Closed jlao closed 5 months ago

jlao commented 6 months ago

We had a short network outage and after it recovered, we noticed in logs that a background thread that talks to Redis wasn't emitting logs anymore. When I took a process dump and found that it was stuck await a Redis transaction (await transaction.ExecuteAsync()).

From looking through past issues it sounds a lot like #2412 which was fixed in v2.6.104. The problem is... We were running v2.6.104. Here's a log from the mux to prove it:

SocketFailure (ReadSocketError/TimedOut, last-recv: 20) on 10.10.70.231:6003/Subscription, Idle/Faulted, last: PING, origin: ReadFromPipe, outstanding: 1, last-read: 79s ago, last-write: 18s ago, unanswered-write: 18s ago, keep-alive: 60s, state: ConnectedEstablished, mgr: 8 of 10 available, in: 0, in-pipe: 0, out-pipe: 0, last-heartbeat: 0s ago, last-mbeat: 0s ago, global: 0s ago, v: 2.6.104.40210

The other noteworthy thing is that that there was a null ref from inside the library which I mentioned in #2576.

Any ideas or additional information I can provide?

NickCraver commented 6 months ago

In this, I imagine the null ref prevented the task completion, which will be resolved in the next release (fix merged this morning).
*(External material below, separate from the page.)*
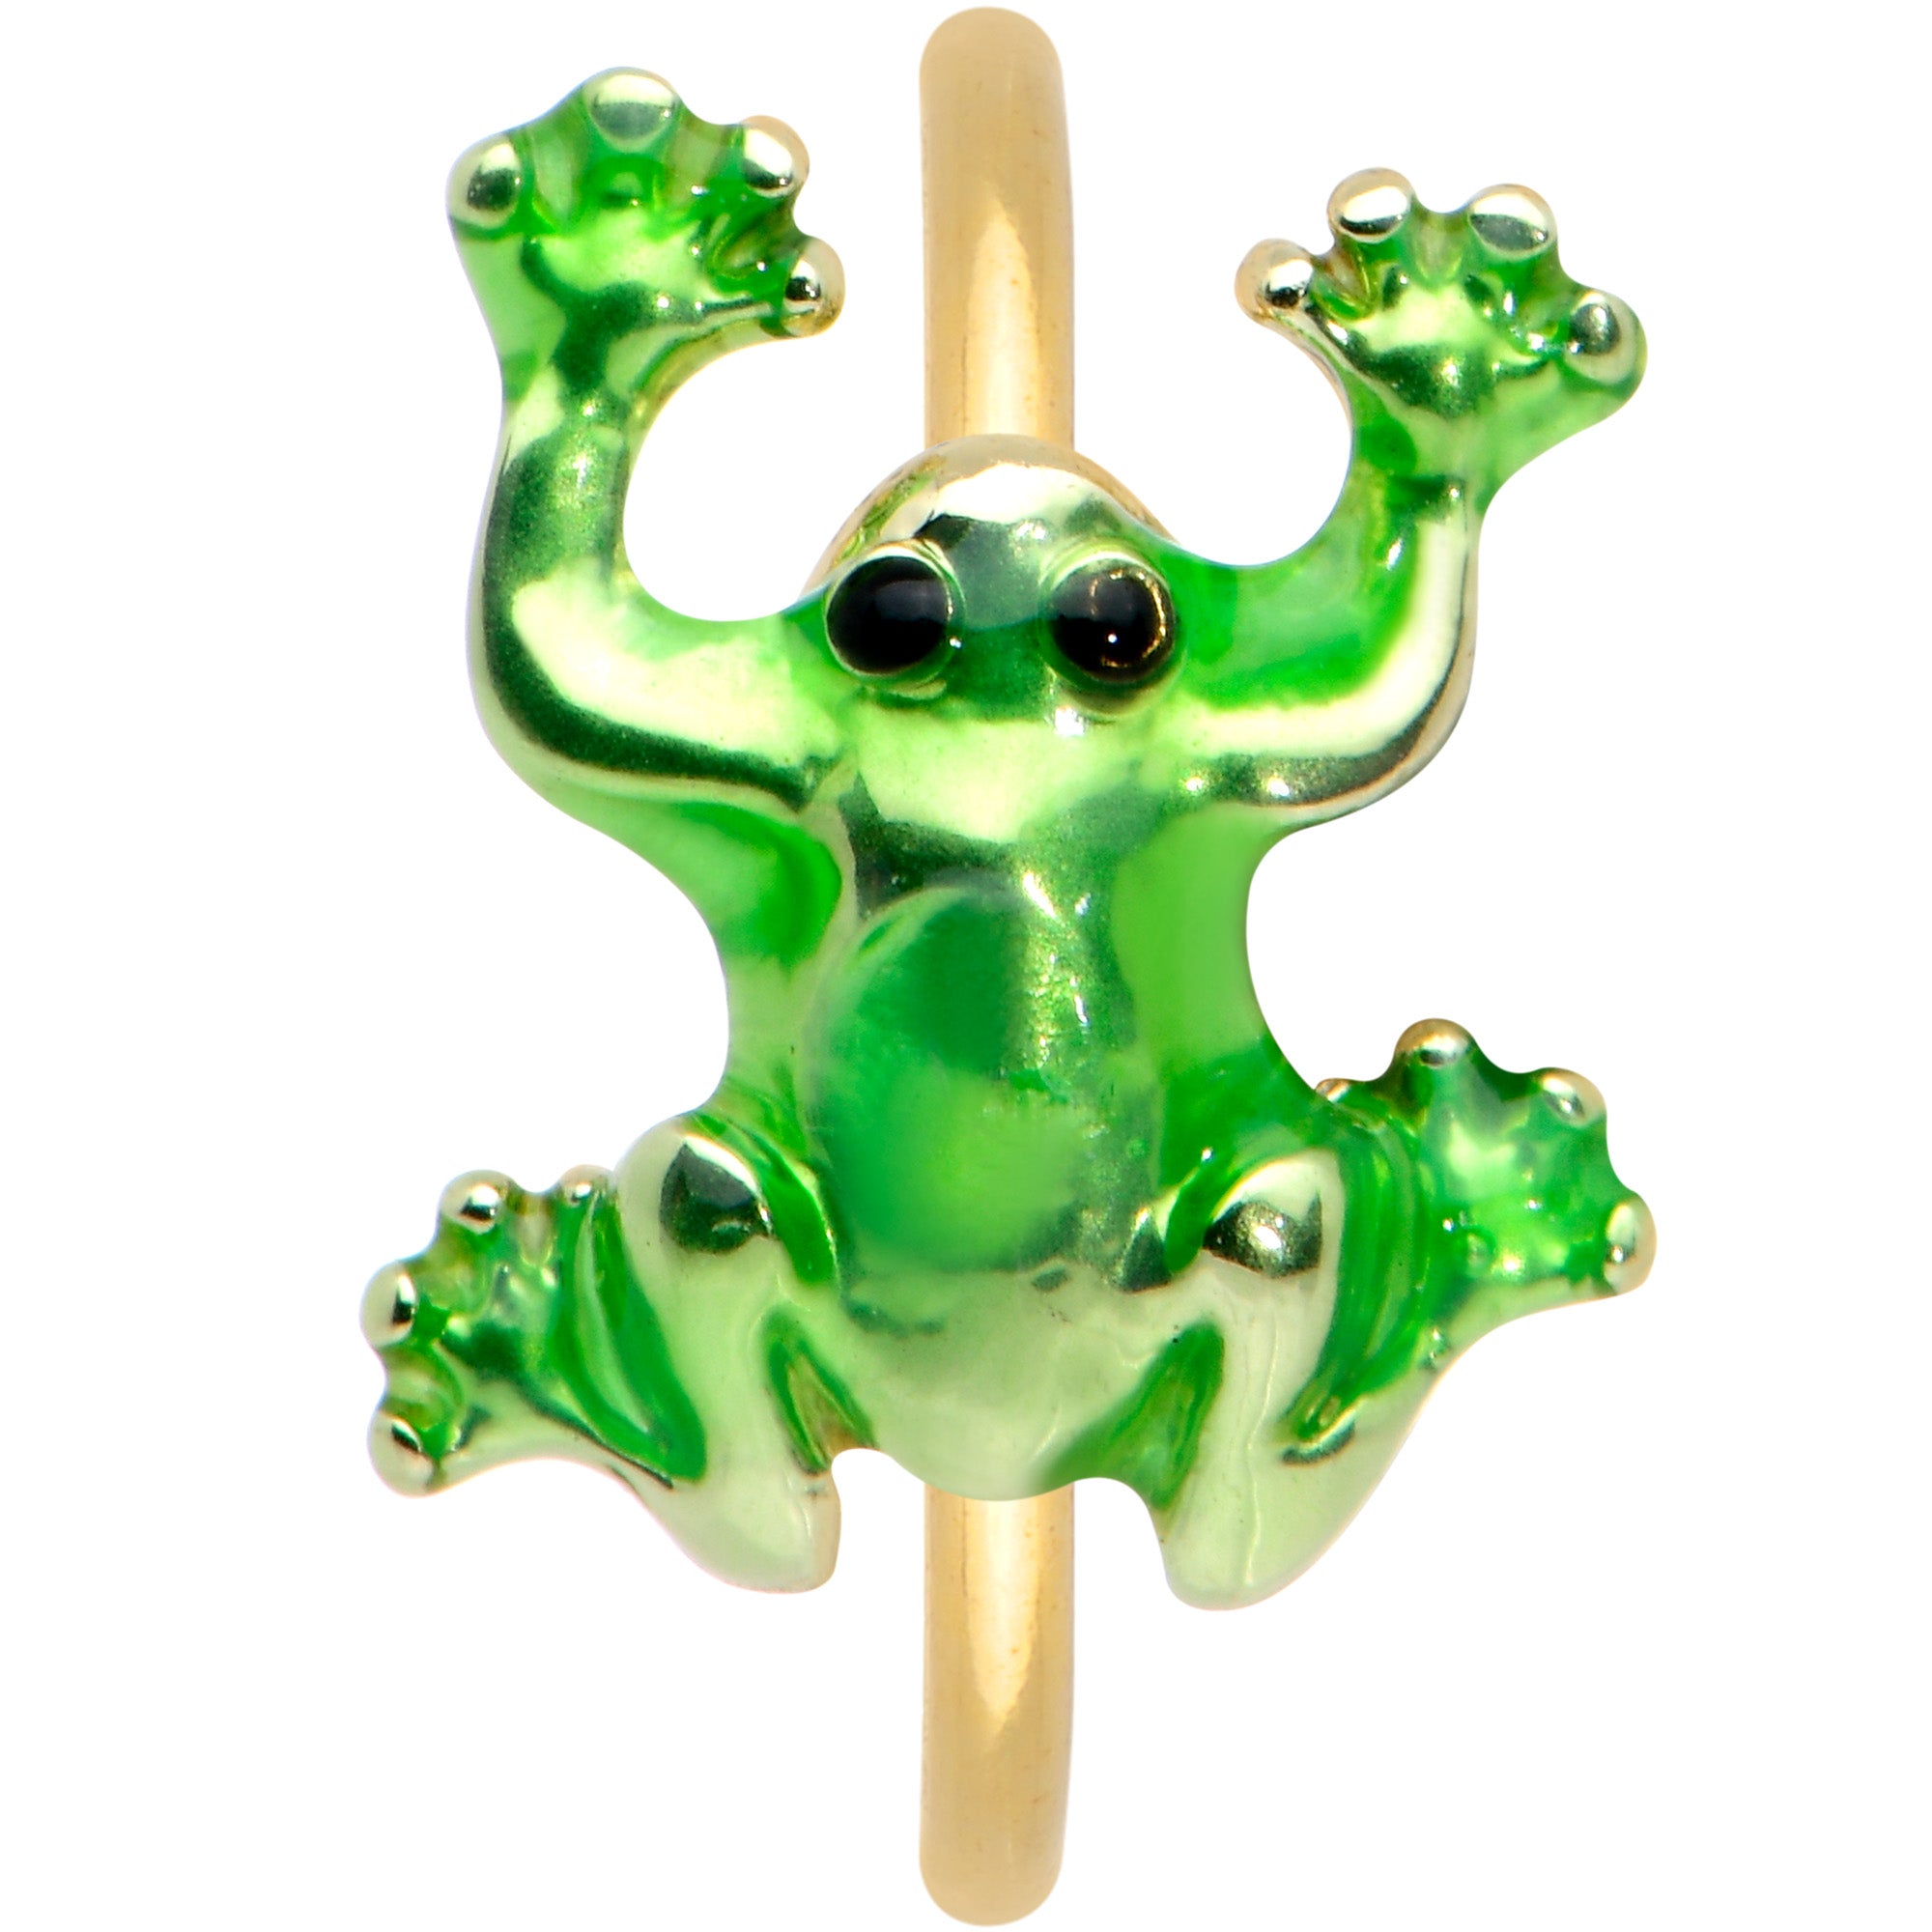 20 Gauge 5/16 Gold Tone Green Tree Frog Nose Hoop
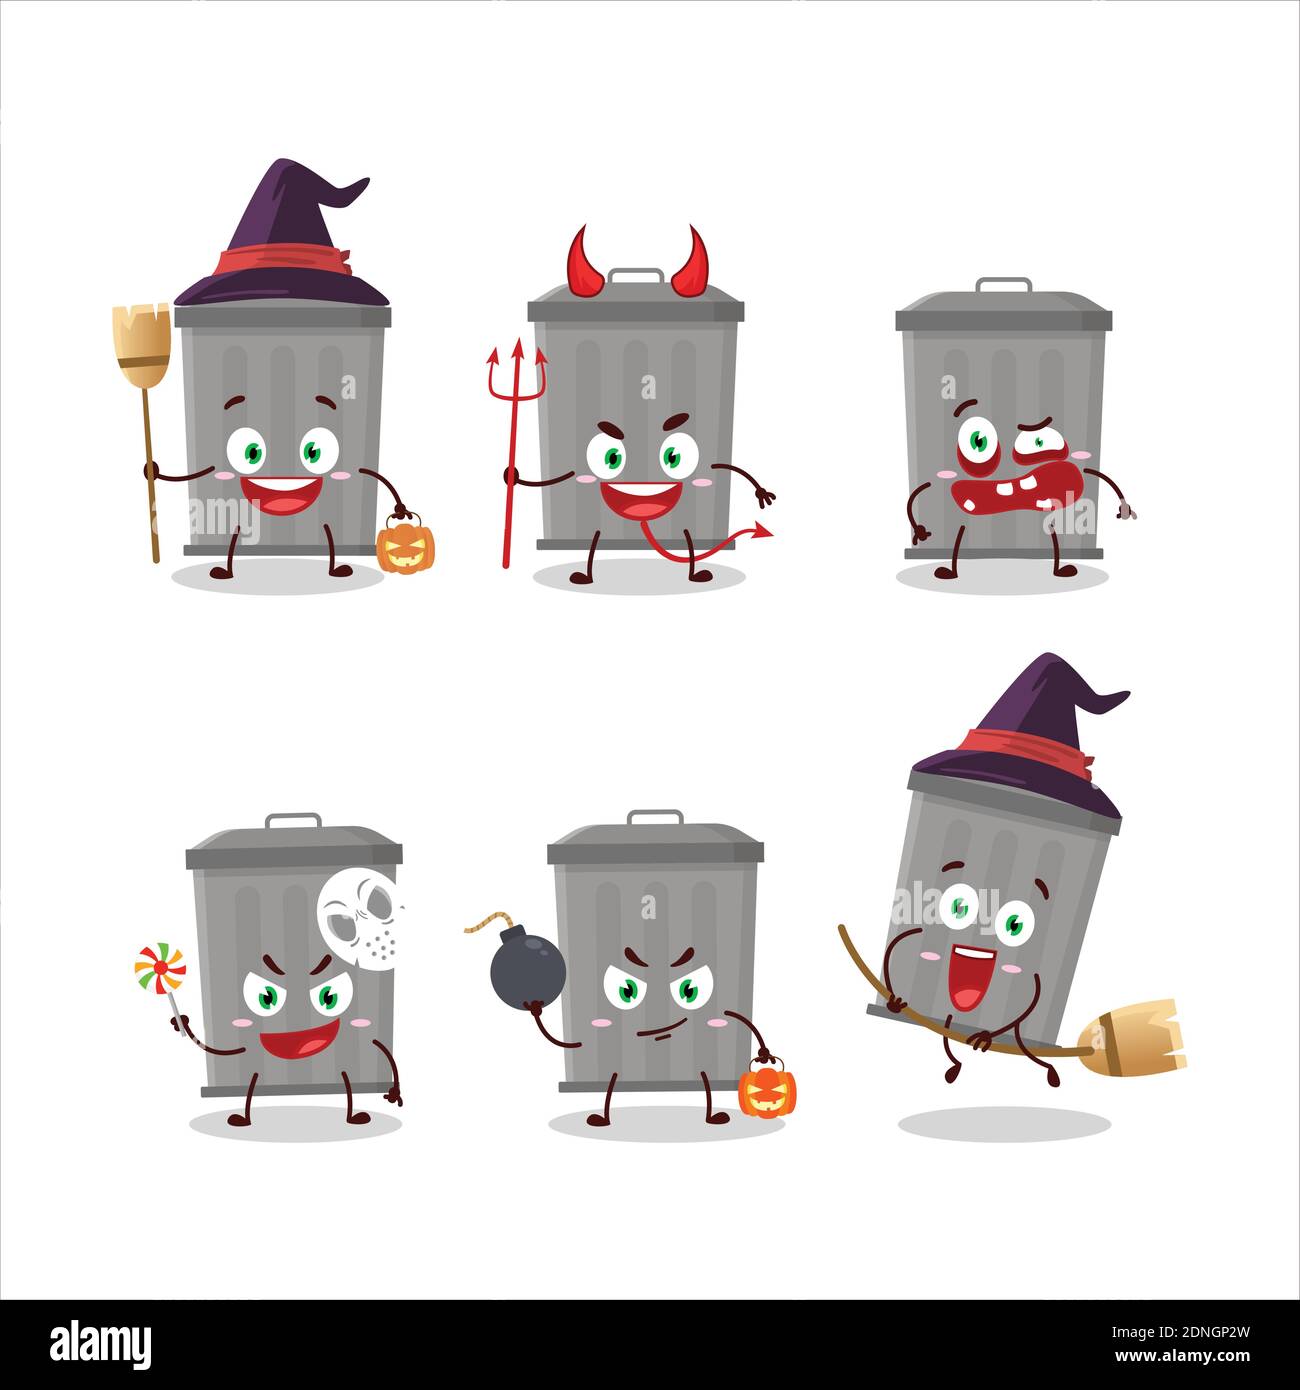 Emoticones de la expresión de Halloween con carácter de dibujos animados de la papelera. Ilustración vectorial Ilustración del Vector

I have a lot on the plate but will try and cut that maybe tomorrow. It's available on MyGet right now (see README) if you need the new version immediately.

jlao commented 6 months ago

Thanks for the quick response! I'll keep an eye for that.

The one last thing I will mention is that the tasks from the operations created off the transaction all seem to be cancelled. It seems odd to me that those would be cancelled but not the task for the transaction itself. Does it seem reasonable that a null ref could leave it in a state like that?

NickCraver commented 5 months ago

Heads up: 2.7.17 is out on NuGet :)

NickCraver commented 5 months ago

I'm going to close this out to tidy up as we believe this to be resolved, but if not after 2.7.17 please comment and we'll re-open.

jlao commented 3 months ago

Hi again,

We saw another instance where a Redis transaction is hung forever after a connection blip. The version we are using is 2.7.17.27058.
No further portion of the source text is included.